In many cases, pregnancy and nascency are long and uncomfortable, but ultimately uneventful processes (that is, upwards until your baby'southward large debut). Merely sometimes, pregnancy or labor complications tin cause an unborn baby to become into fetal distress, which can be dangerous and may require immediate delivery.

Here's what yous need to know about this relatively rare complexity, including tips to reduce your risk.

What is fetal distress?

Fetal distress (what doctors prefer to call "nonreassuring fetal condition") is when your practitioner is concerned that your babe's oxygen supply may exist compromised in utero before or during labor.
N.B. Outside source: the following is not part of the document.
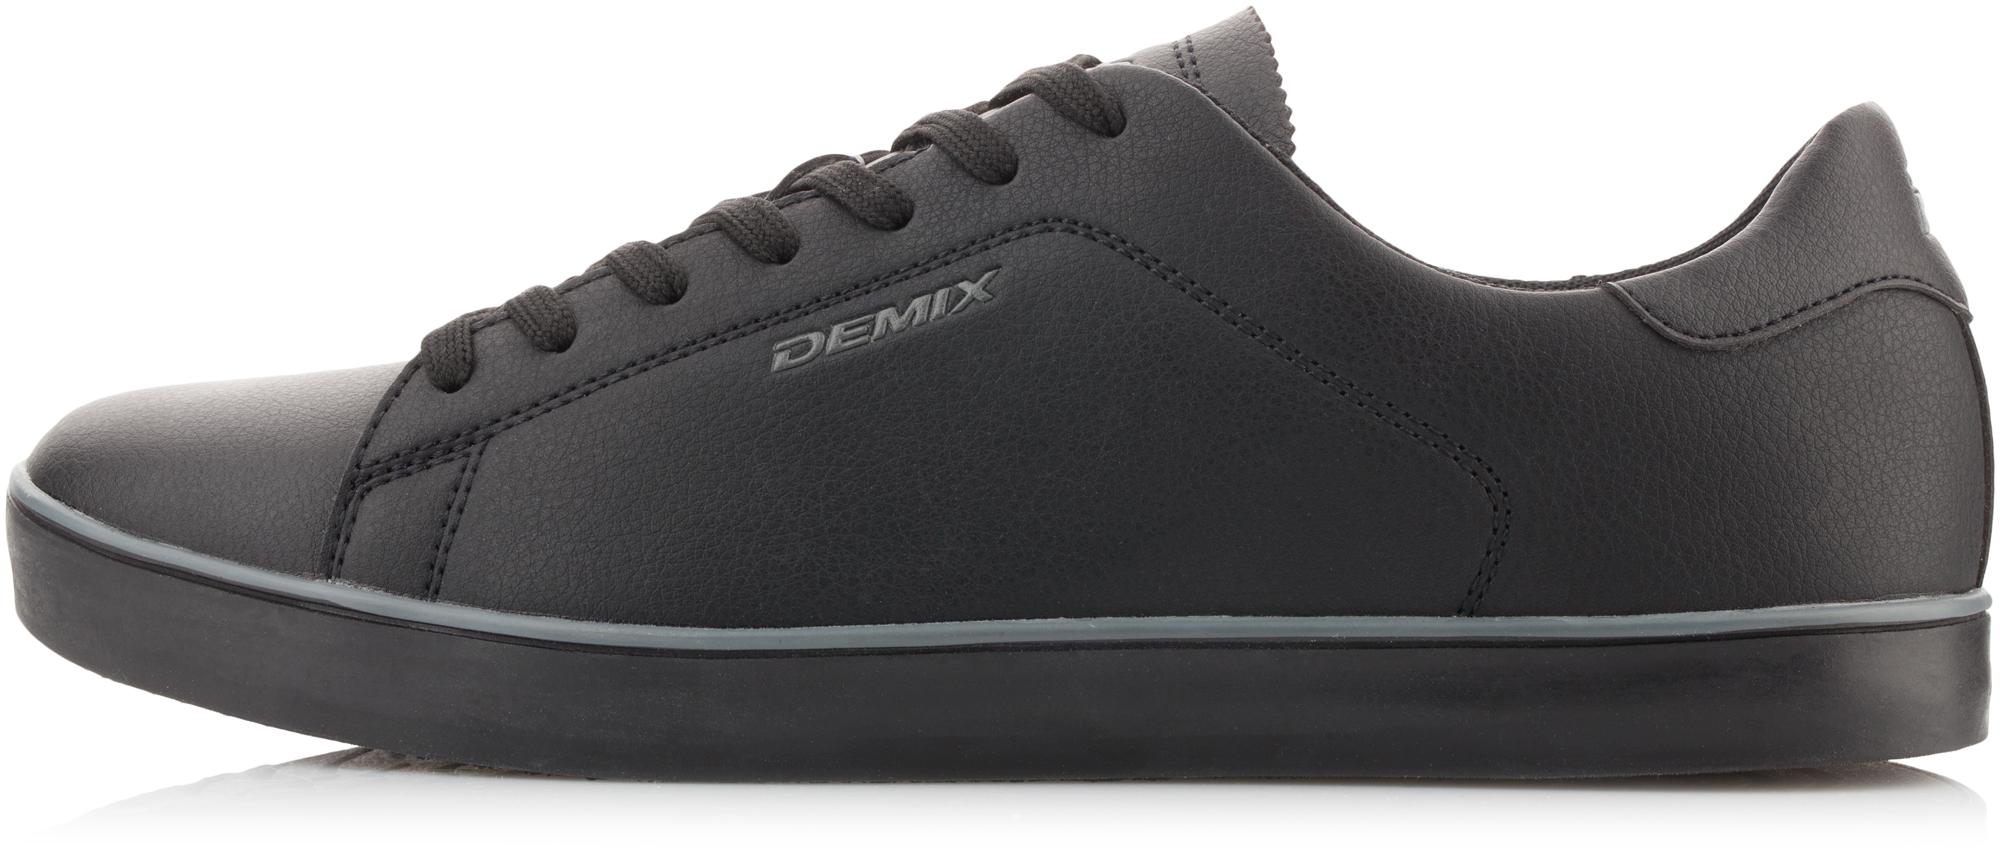 Demix Кеды мужские Demix Board брюки спортивного стиля мужские
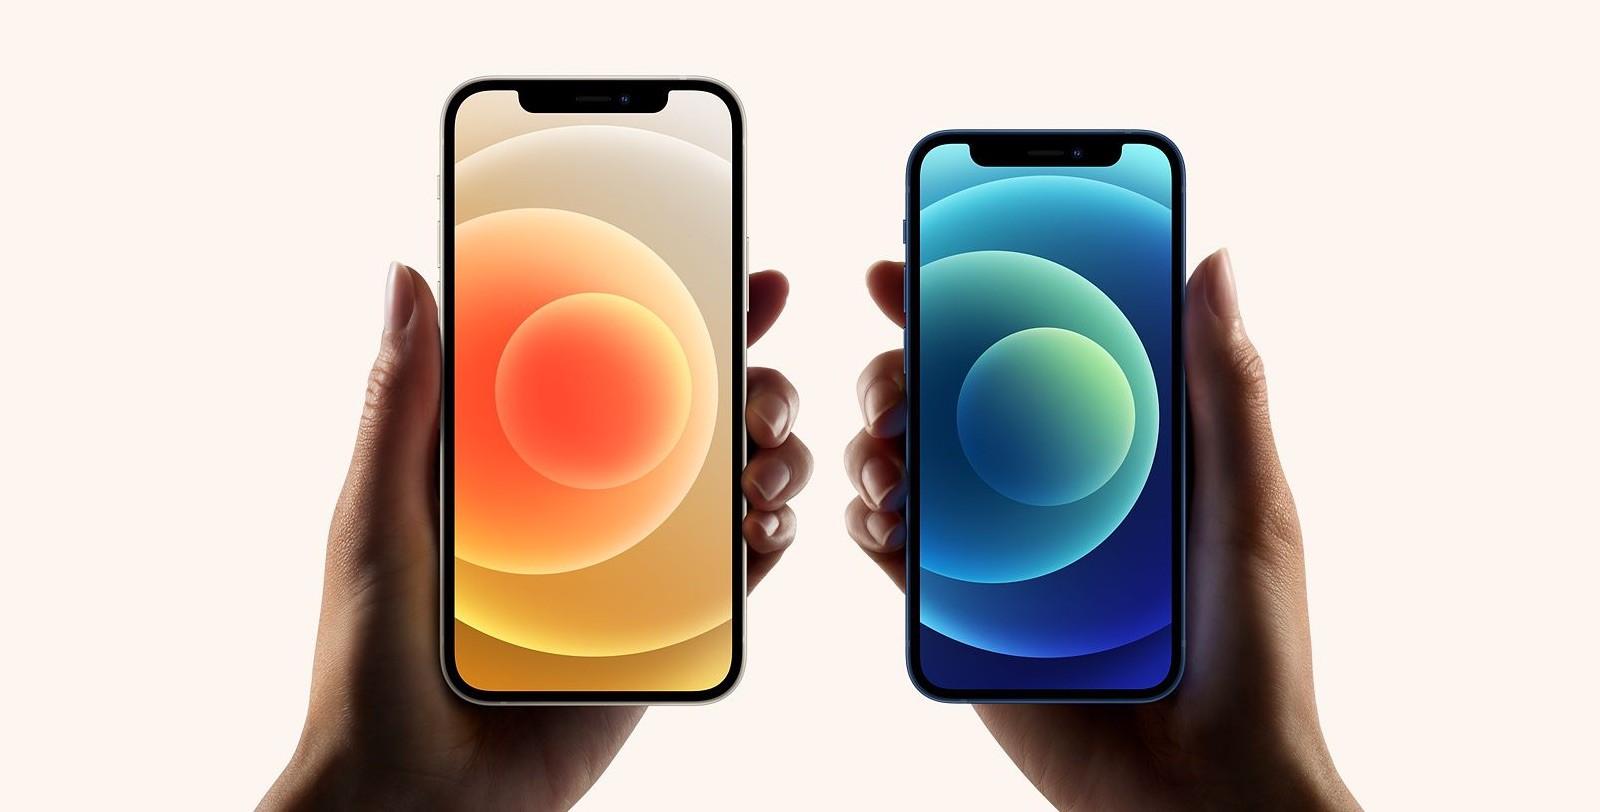 https://images.macrumors.com/t/DSYynjlDD4oI-u1LcQu26tebkLE=/1600x0/filters:quality(90)/article-new/2020/10/iphone-12-vs-iphone-12-mini.jpg

Oxygen deprivation can result in decreased fetal heart rate and requires immediate action to protect your baby.

What causes fetal distress?

Fetal distress may exist acquired past a number of factors, including:

  • Intrauterine growth restriction (IUGR)
  • Preeclampsia
  • Placental abruption
  • Uncontrolled diabetes
  • Too much amniotic fluid
  • Depression levels of amniotic fluid
  • A pregnancy lasting longer than twoscore weeks
  • Labor complications, including labor going as well speedily or lasting too long
  • Umbilical cord prolapse, compression or entanglement
  • Staying in a position (usually flat on your back during labor) for a long period of time, which somewhen puts pressure level on your major claret vessels and cuts off oxygen to your babe

What are the signs of fetal distress?

Y'all may be experiencing signs of fetal distress if you lot or your doc notes that:

  • Your baby has a decreased heart charge per unit
  • Your baby has a different (on nonexistent) blueprint of fetal movement later on week 28
  • Your water breaks and is dark-green-brown (that's baby'southward kickoff poop; some babies who laissez passer this meconium while still in the uterus may exist in distress)

The only way to know for sure that your baby's in fetal distress is with a continuous fetal monitor, performing a nonstress test or with an ultrasound and performing a biophysical profile.

Who is virtually at risk for fetal distress?

Several conditions may put your baby at increased adventure for fetal distress, including:

  • IUGR
  • Too much or besides little amniotic fluid
  • Preeclampsia
  • Uncontrolled diabetes
  • Placental abruption
  • Umbilical cord problems
  • A long or complicated labor
  • An overdue pregnancy

What can you do if your baby is in distress?

If yous've noticed a change in fetal activeness or your boot count is off and you're concerned, telephone call your practitioner right away. Also reach out immediately if your water has cleaved and is greenish-brownish, which means it's stained with meconium.

When you arrive at your practitioner's office or the hospital, y'all'll get placed on a fetal monitor to check whether your baby is actually showing signs of distress. You may also receive supplemental oxygen to help oxygenate your blood, every bit well as Iv fluids, which should help regulate your baby'due south heart charge per unit. (These same steps will exist taken if your doctor notices your babe's in distress during a routine checkup or nonstress test.)

If you're already in labor, you may exist told to switch positions. Yous may as well be taken off of contraction-inducing drugs (oxytocin) or given a medication to deadening contractions.

If these techniques don't work, the all-time treatment is a quick delivery, often by C-section.

Is there anything y'all can do to prevent fetal distress?

While yous tin't foreclose fetal distress, you lot tin can lower the odds information technology'll happen to yous by going to all of your prenatal appointments and post-obit your doctor's recommendations for a healthy pregnancy. These tips are especially important if y'all've been diagnosed with a condition that increases your take a chance of fetal distress, similar preeclampsia or gestational diabetes.

Many people don't necessarily notice a baby is in fetal distress, and so an increasing number of prenatal appointments during the last few weeks of pregnancy allows your dr. to monitor your baby's center rate, measure your abdomen and inquire you about your baby's movements to ensure everything'southward going as expected. A baby with a strong, stable heartbeat with appropriate movements is doing well.